The Islamic Calendar
The Islamic calendar, Muslim calendar or Hijri calendar (AH) is a lunar calendar consisting of 12 months in a year of 354 or 355 days. Being a purely lunar calendar, it is not synchronized with the seasons. With an annual drift of 10 or 11 days, the seasonal relation repeats about every 33 Islamic years (every 32 solar years). It is used to date events in many Muslim countries (concurrently with the Gregorian calendar), and used by Muslims everywhere to determine the proper days on which to observe the annual fast (see Ramadan), to attend Hajj, and to celebrate other Islamic holidays and festivals. The first year was the Islamic year beginning in AD 622 during which the emigration of Muhammad from Mecca to Medina, known as the Hijra, occurred.
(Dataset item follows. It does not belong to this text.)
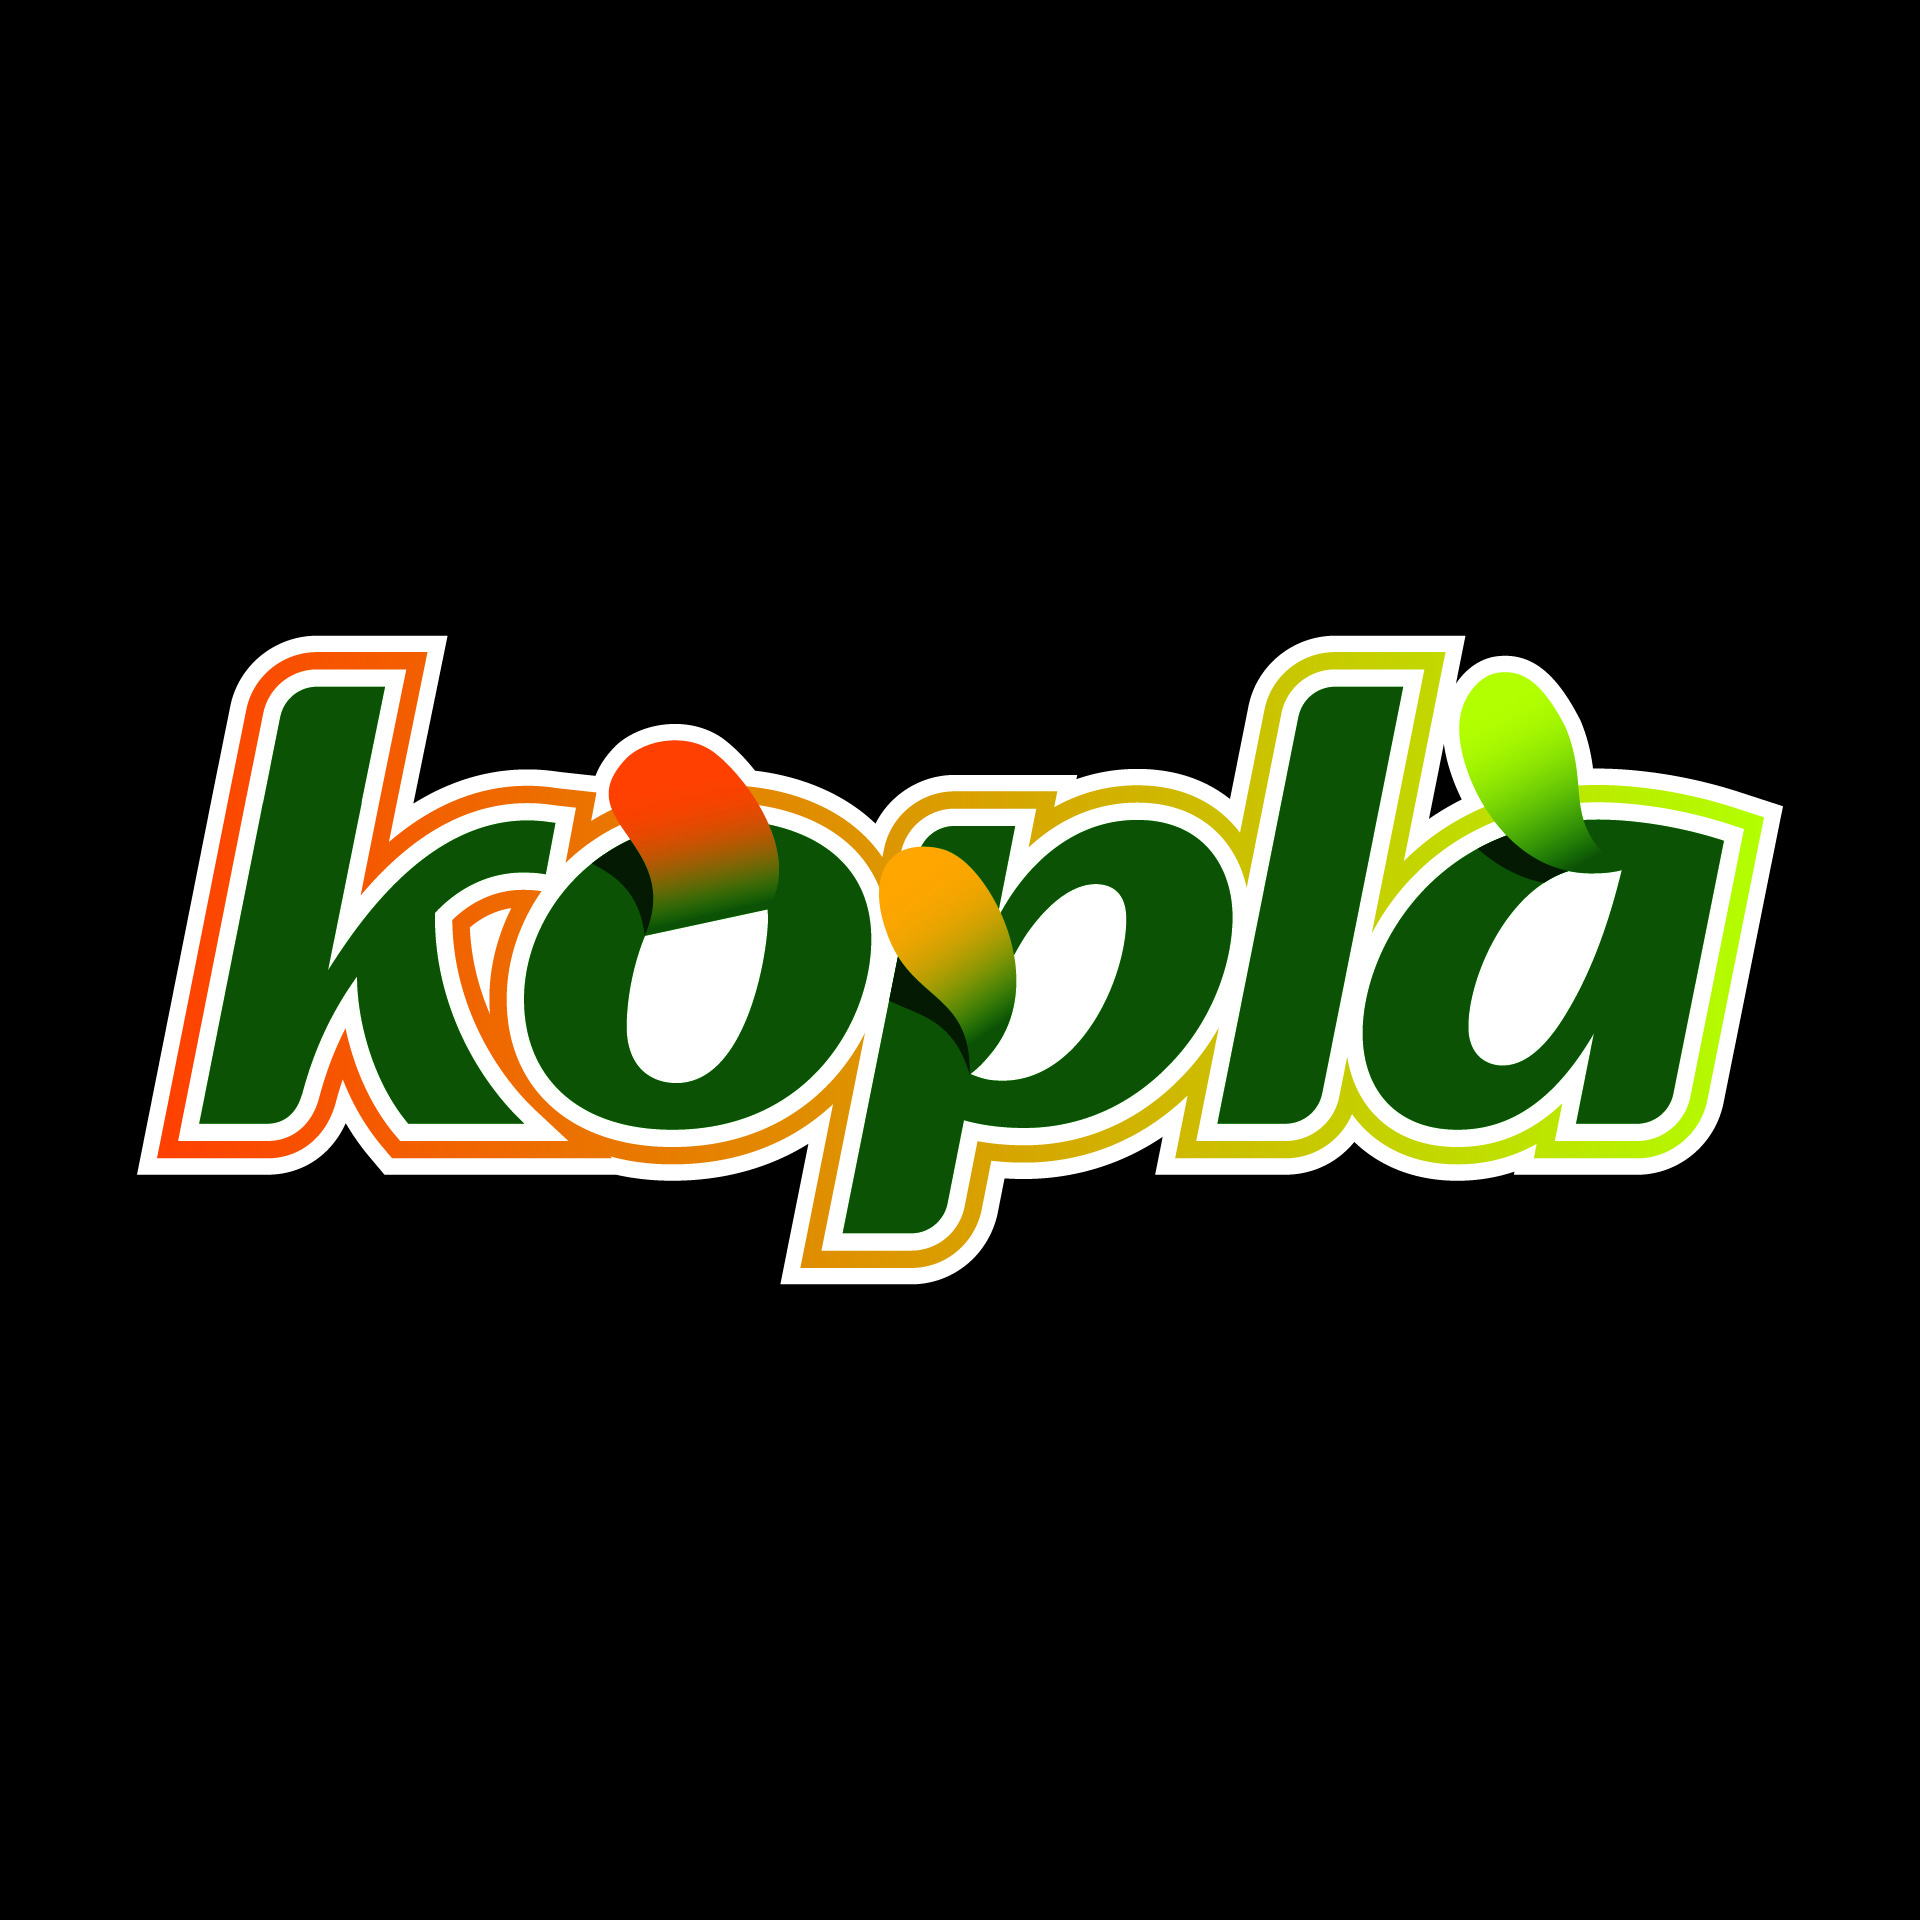 Diseño de Identidad Visual y Logotipo para la marca Kopla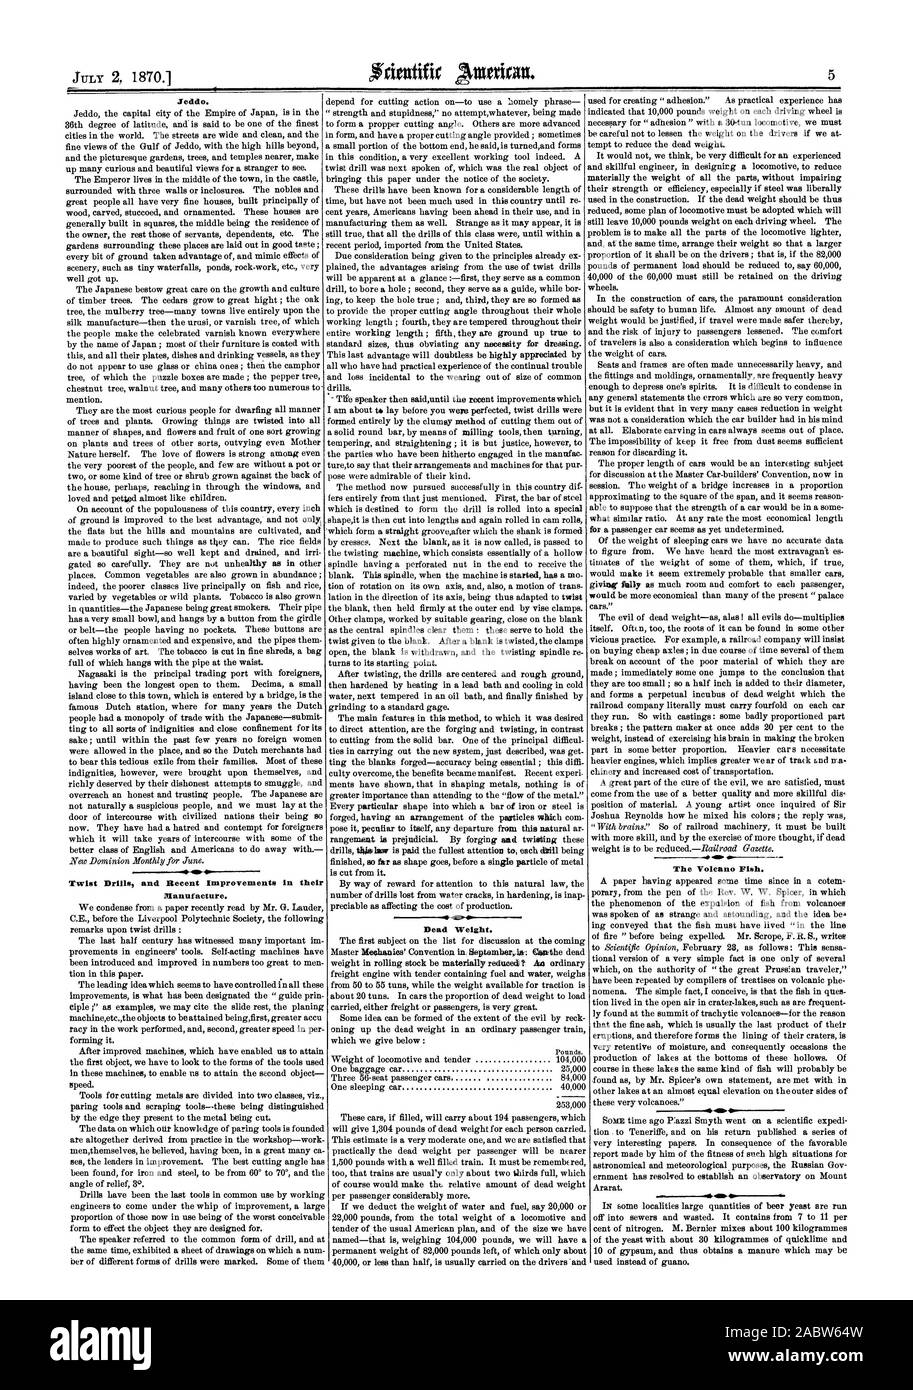 Jeddo. Spiralbohrer und die jüngsten Verbesserungen in der Herstellung. Eigengewicht. Der Vulkan Fisch., Scientific American, 1870-07-02 Stockfoto

Each numbered year is designated either H for Hijra or AH for the Latin anno Hegirae (in the year of the Hijra), hence, Muslims typically call their calendar the Hijri calendar.  The current Islamic year is 1434 AH. In the Gregorian calendar 1434 AH runs from approximately 14 November 2012 (evening) to 4 November 2013 (evening).

Thus, the Islamic calendar is closer to the lunar Hebrew calendar than to the Gregorian calendar that is the dominant one worldwide.

The Hebrew Calendar

[U]ntil the Tannaitic period (approximately 10–220 CE) the months were set by observation of a new crescent moon, with an additional month added every two or three years to correct for the difference between twelve lunar months and the solar year and, therefore, to keep Passover in the spring. The addition of the extra month was also based on observation of natural events: specifically, the ripening of the barley crop; the age of the kids, lambs, and doves; the ripeness of the fruit trees; and the relation of the date to the tekufah (seasons). Through the Amoraic period (200–500 CE) and into the Geonic period, this system was displaced by mathematical rules. The principles and rules appear to have been settled by the time Maimonides compiled the Mishneh Torah in the 12th century. . . . The Hebrew calendar era used at present is the Anno Mundi epoch (Latin for "in the year of the world"; Hebrew: לבריאת העולם, "from the creation of the world") . . . the words or abbreviation (A.M. or AM) for the era should properly precede the date rather than follow it, although this is no longer always followed. . . . AM 5772 began at sunset on 28 September 2011 and ended on 16 September 2012. AM 5773 began at sunset on 16 September 2012 and will end on 4 September 2013.    
Despite the fact that the Hebrew calendar is implicitly based on a Young Earth Creationist theology, few Jews in Israel and the United States (which is where the majority of Jews live), are Young Earth Creationists.